Unlike my thesis readers, who may or may not have made it through all 244 pages, you get to experience the condensed version. The full PDF is here, if you’re into reading and citations.

Participatory Aid
People are using information and communication technologies (like the internet) to help each other in times of crisis (natural or man-made). This trend is the evolution of a concept known as “mutual aid”, introduced by Russian polymath Peter Kropotkin in 1902 in his argument that our natural sociable inclinations towards cooperation and mutual support are underserved by capitalism’s exclusive focus on the self-interested individual. My own reaction is to the bureaucracy’s underserving of informal and public-led solutions.

The practice of mutual aid has been greatly accelerated and extended by the internet’s global reach. I introduce the term “participatory aid” to describe the new reality where people all over the planet can participate in providing aid in various forms to their fellow humans. In many of these cases, that aid is mediated at least partially by technology, rather than exclusively by formal aid groups.
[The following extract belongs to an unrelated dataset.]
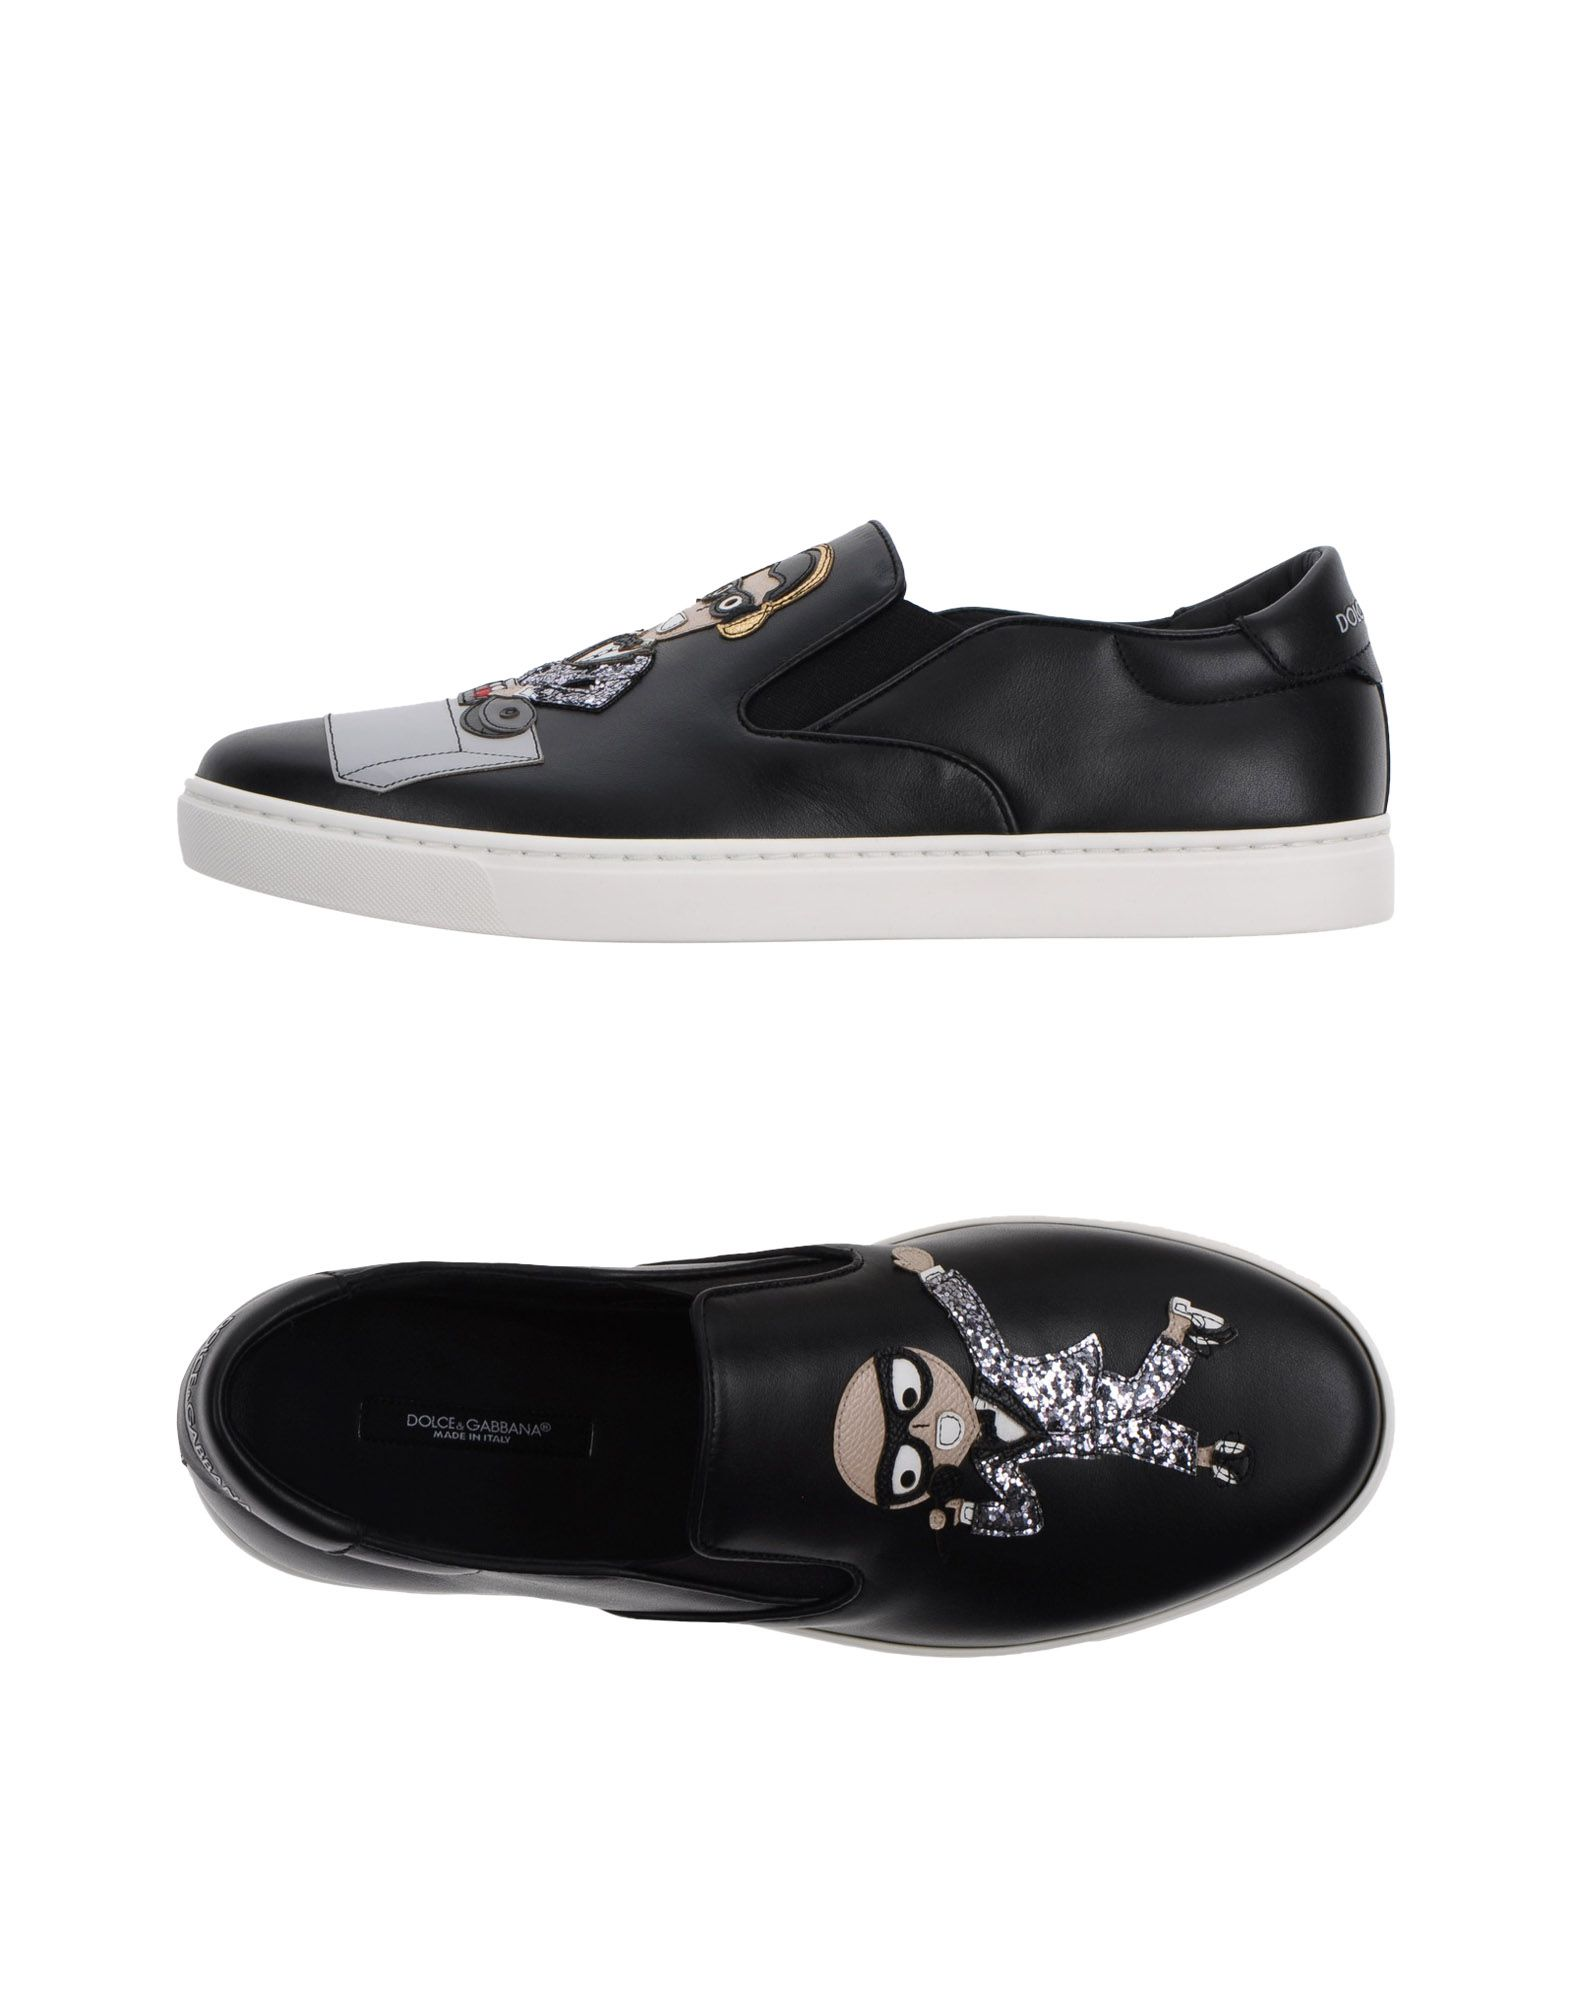 Dolce & Gabbana Sneakers Qualität Herren  11349747EW Gute Qualität Sneakers beliebte Schuhe 7550cc
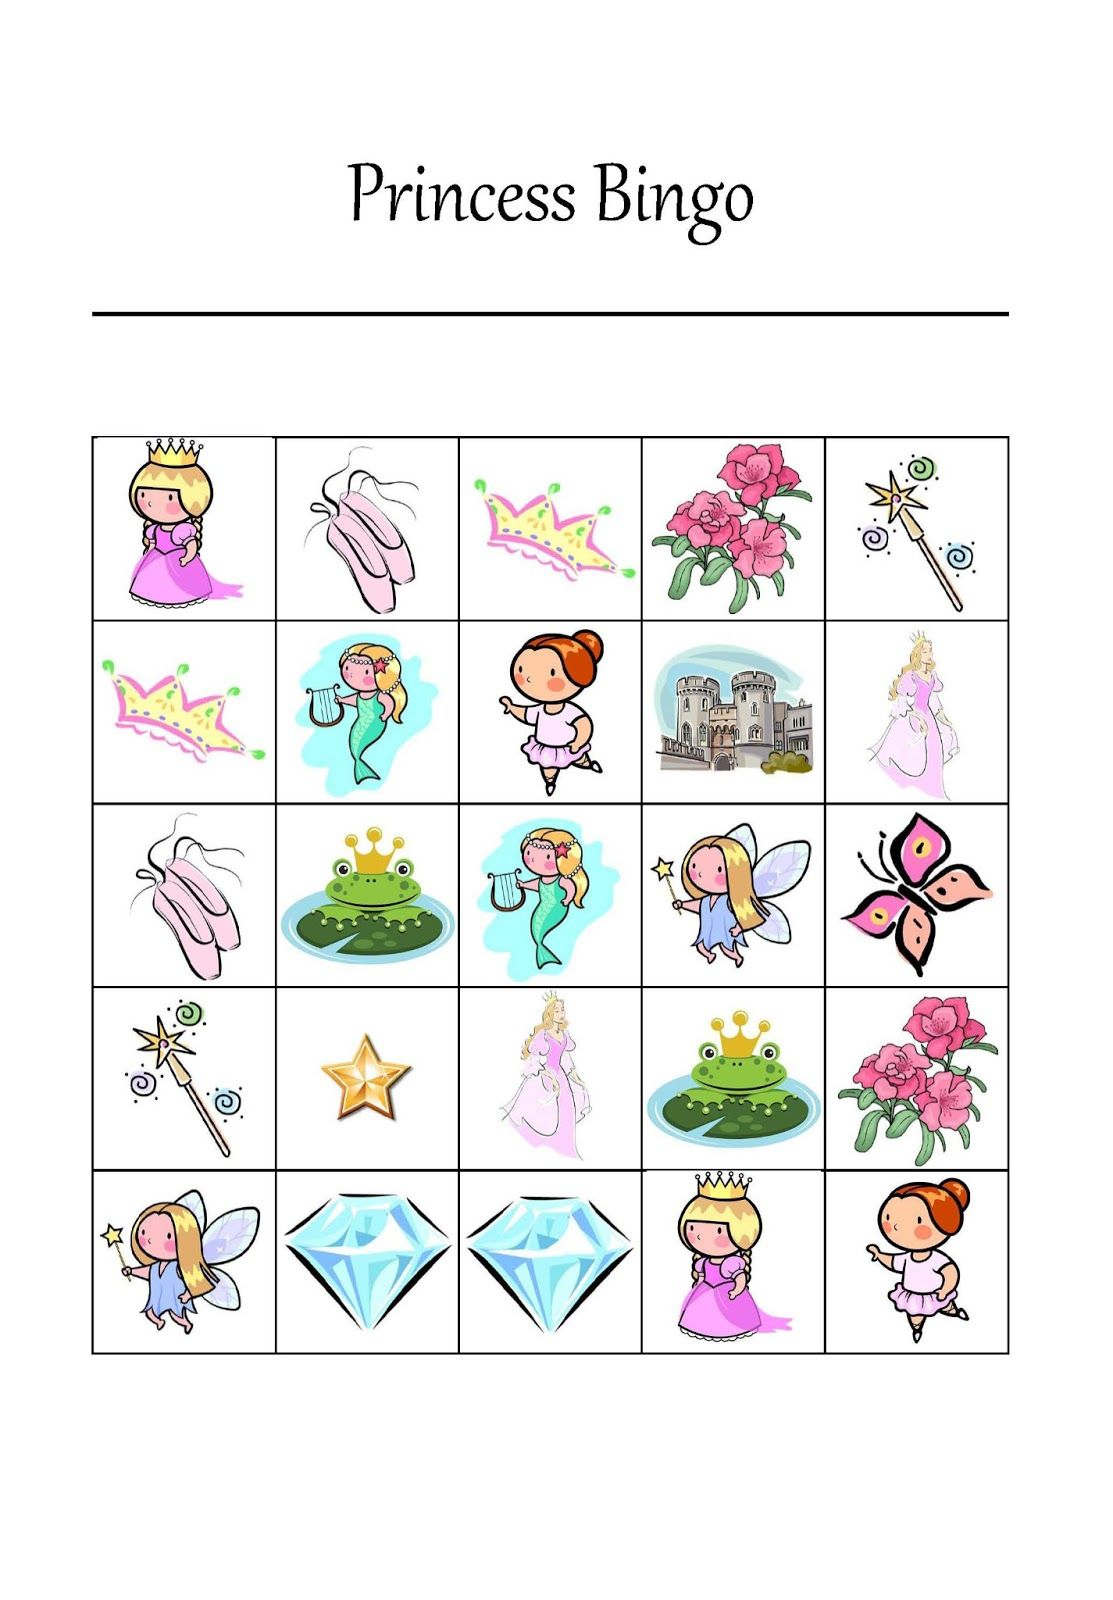 Free Printable Princess Bingo Game | Princess Bingo

Formal aid groups like the UN and Red Cross are facing disintermediation not entirely unlike we’ve seen in the music, travel, and news industries. Members of the public are increasingly turning towards direct sources in crises rather than large, bureaucratic intermediaries. Information is increasingly likely to originate from people on the ground in those places rather than news companies, and there is a rich and growing number of ways to help, as well.